8. The system according to claim 7, characterized in that, The multimodal sensing module includes an intelligent identification sensing terminal and an environmental monitoring terminal; The intelligent identification terminal is an intelligent ear tag, comprising: an RFID tag for storing the unique identification of the cattle; a body temperature monitoring module, including a thermistor, for collecting the surface temperature data of the cattle; a behavior monitoring module, including a triaxial accelerometer, for collecting the movement data of the cattle; and a wireless communication module for uploading the collected data to a data processing platform. The environmental monitoring terminal consists of multiple distributed sensing nodes deployed within the farm. Each sensing node integrates temperature and humidity sensors, light sensors, ammonia sensors, and carbon dioxide sensors to collect environmental physical quantities and gas concentration data at different locations within the farm.
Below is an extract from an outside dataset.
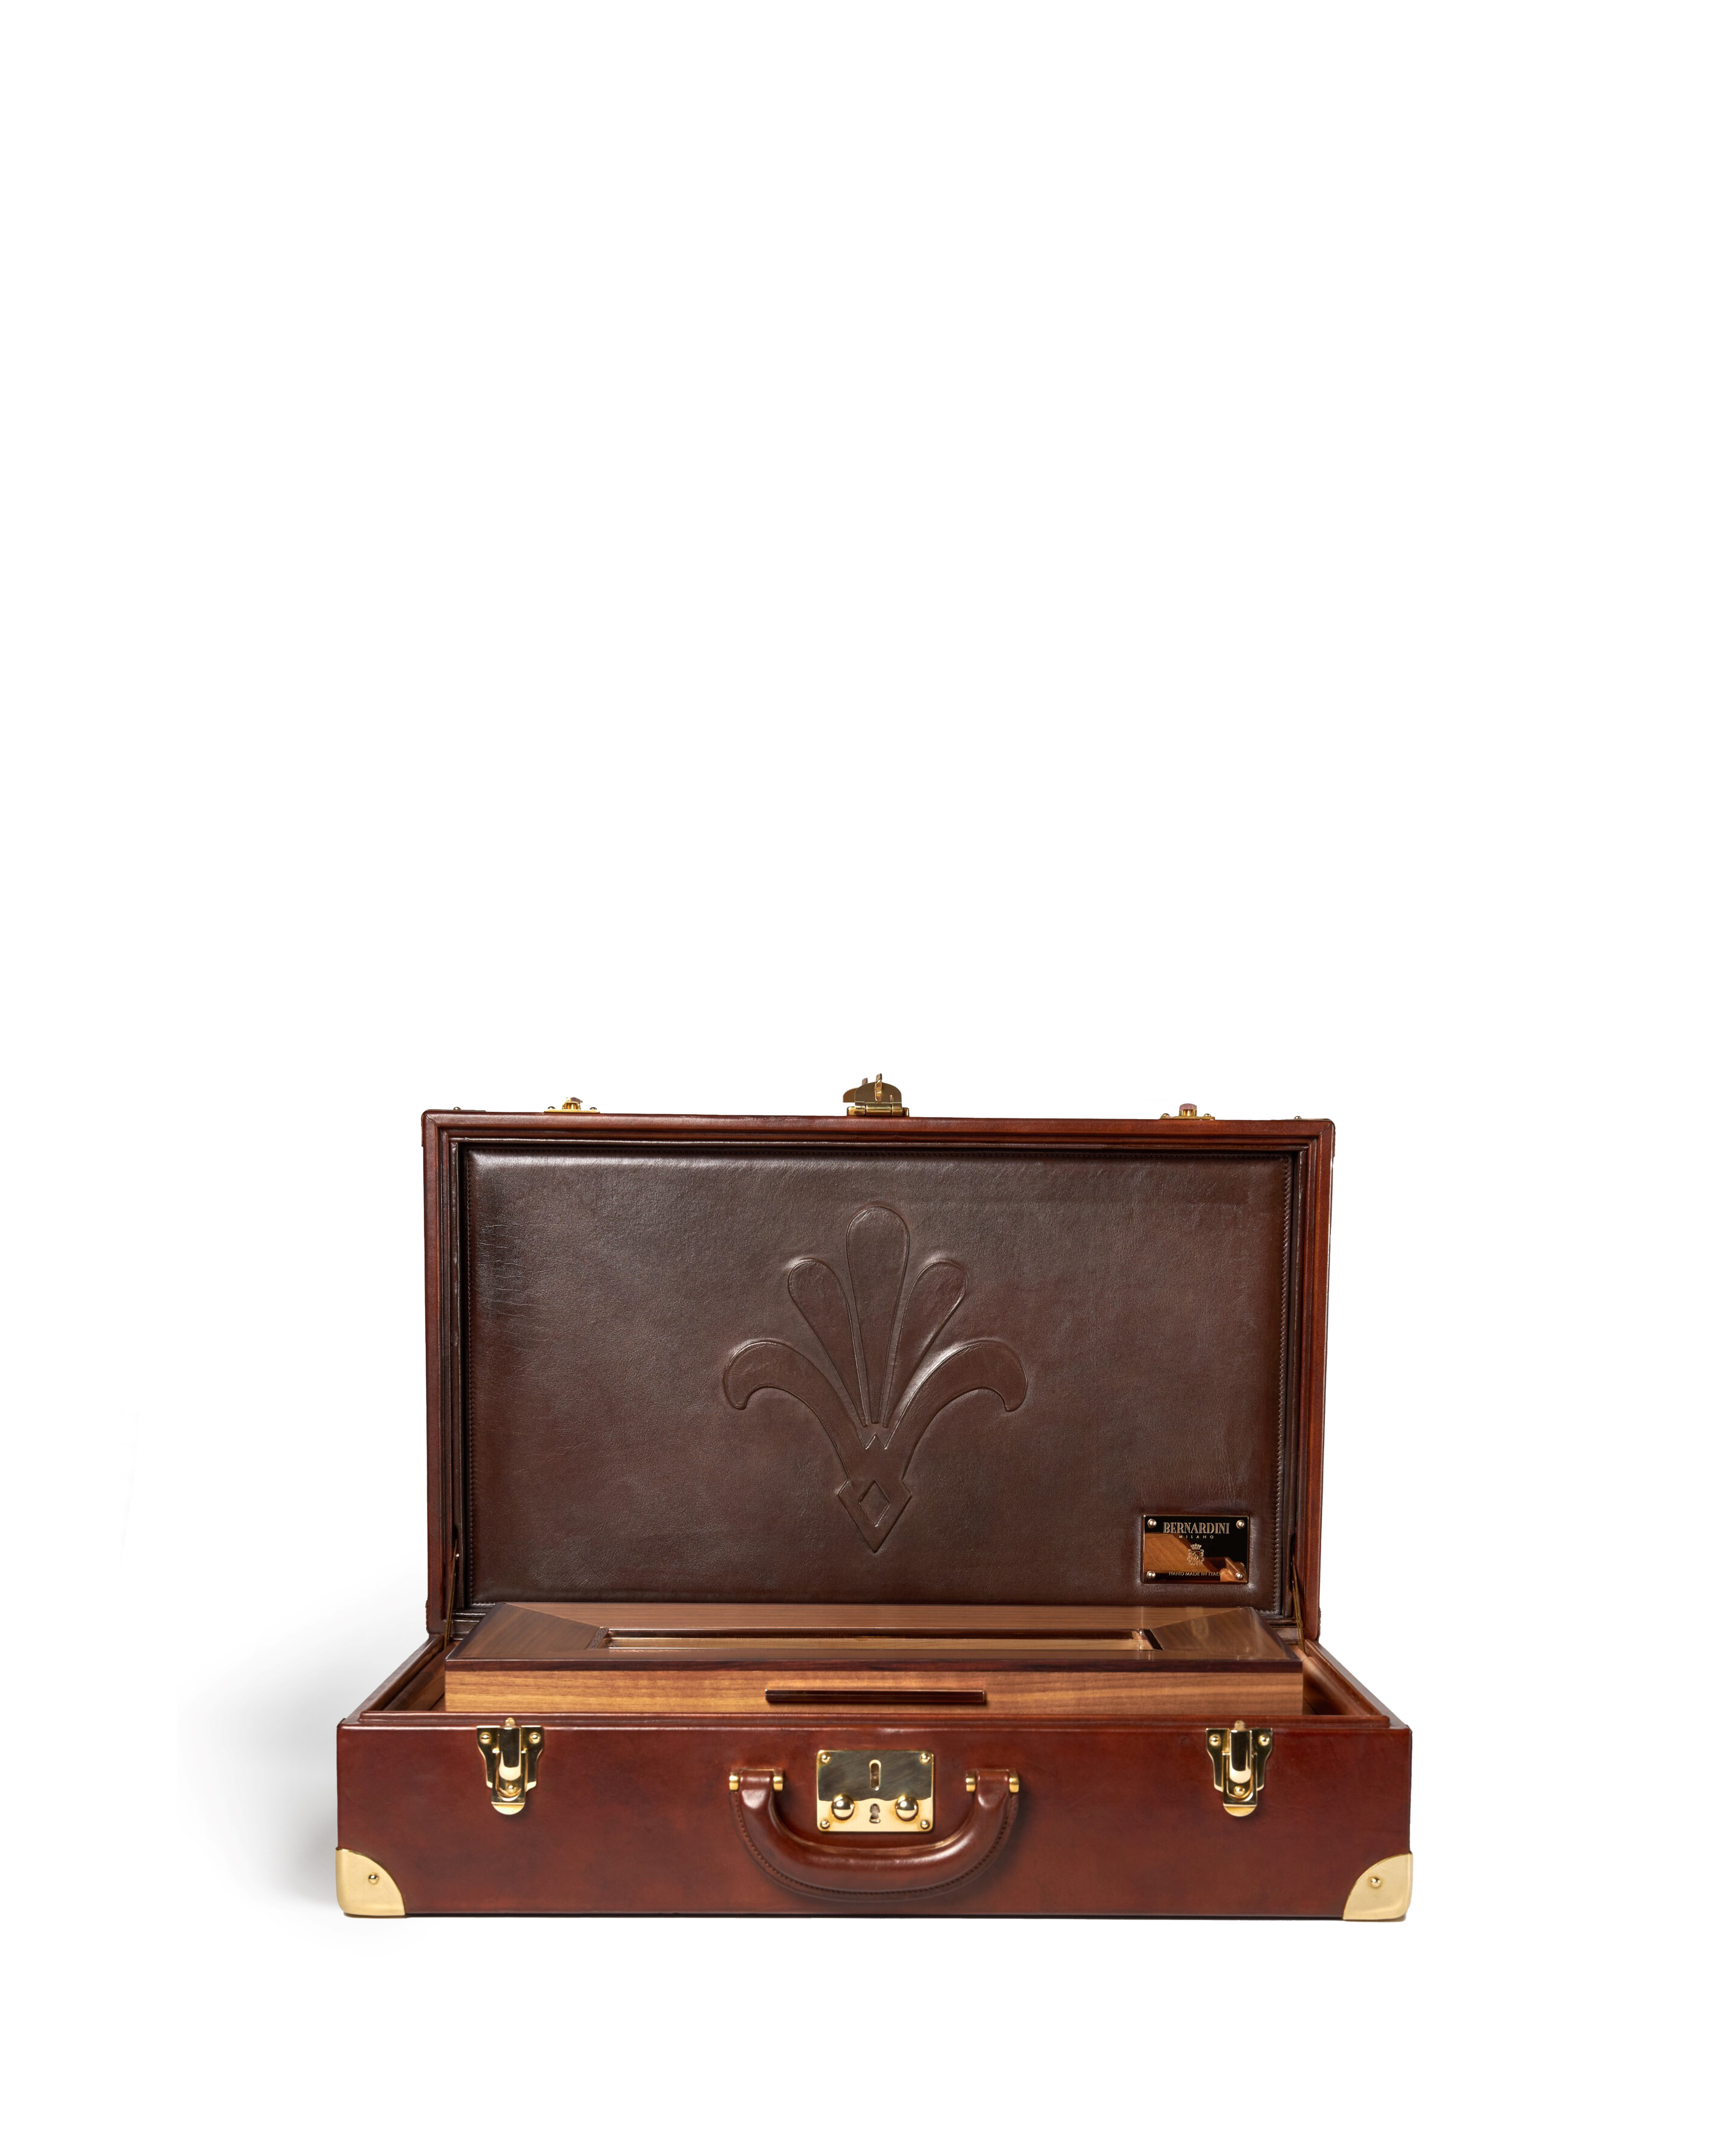 Bernardini Humidor Briefcase - French Lily and Walnut

9. The system according to claim 7, characterized in that, The physiological state inversion and welfare assessment module includes a core body temperature inversion submodule and a welfare index calculation submodule; The core body temperature inversion submodule is used to estimate the core temperature of cattle based on the body surface temperature, the activity intensity characteristics, and the temperature and humidity. The welfare index calculation submodule is used to calculate the animal welfare index based on the core temperature, the activity intensity characteristics, and the environmental data.
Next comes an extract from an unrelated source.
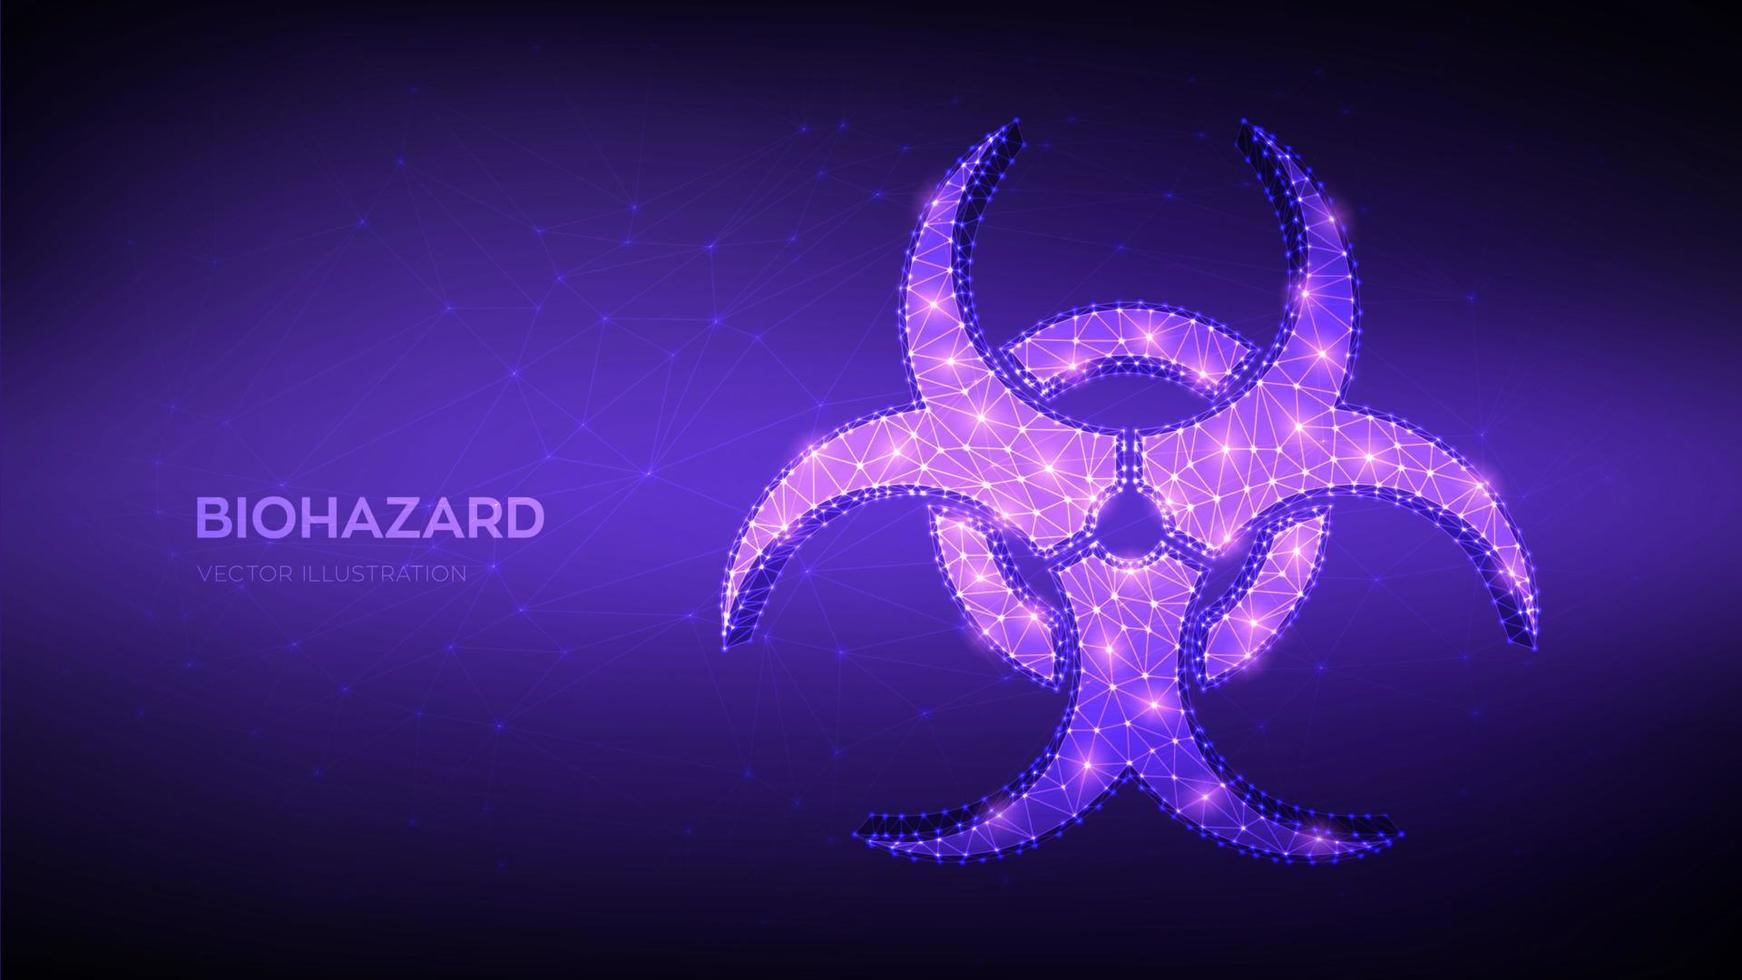 Biohazard symbol. Low polygonal abstract biohazard, epidemic, virus alert, infection, bacteria, contagion, toxic, waste, quarantine, contamination sign. Vector illustration.

10. The system according to claim 7, characterized in that, The meat quality testing and correlation module includes a Raman spectroscopy analysis submodule and a welfare status quality correlation submodule; the full-chain traceability visualization module includes a data storage correlation submodule and a consumer traceability display submodule. The Raman spectroscopy analysis submodule is used to obtain spectral data of beef samples by Raman spectroscopy detection and to predict fat and protein content by least squares regression. The welfare status quality correlation submodule is used to construct a multiple linear regression model based on fat content, protein content, animal welfare index and auxiliary variables, and fit the regression coefficients; the auxiliary variables include cattle breed and cattle growth stage. The data storage association submodule is used to uniformly store and associate physiological data, behavioral data, environmental data and meat quality testing data during the breeding process based on the unique identification of cattle, to build a traceability file for the entire life cycle of cattle, and to generate a unique QR code for each meat product to be sold. The consumer traceability display submodule is used to respond to QR code access requests and display traceability information in a visual form.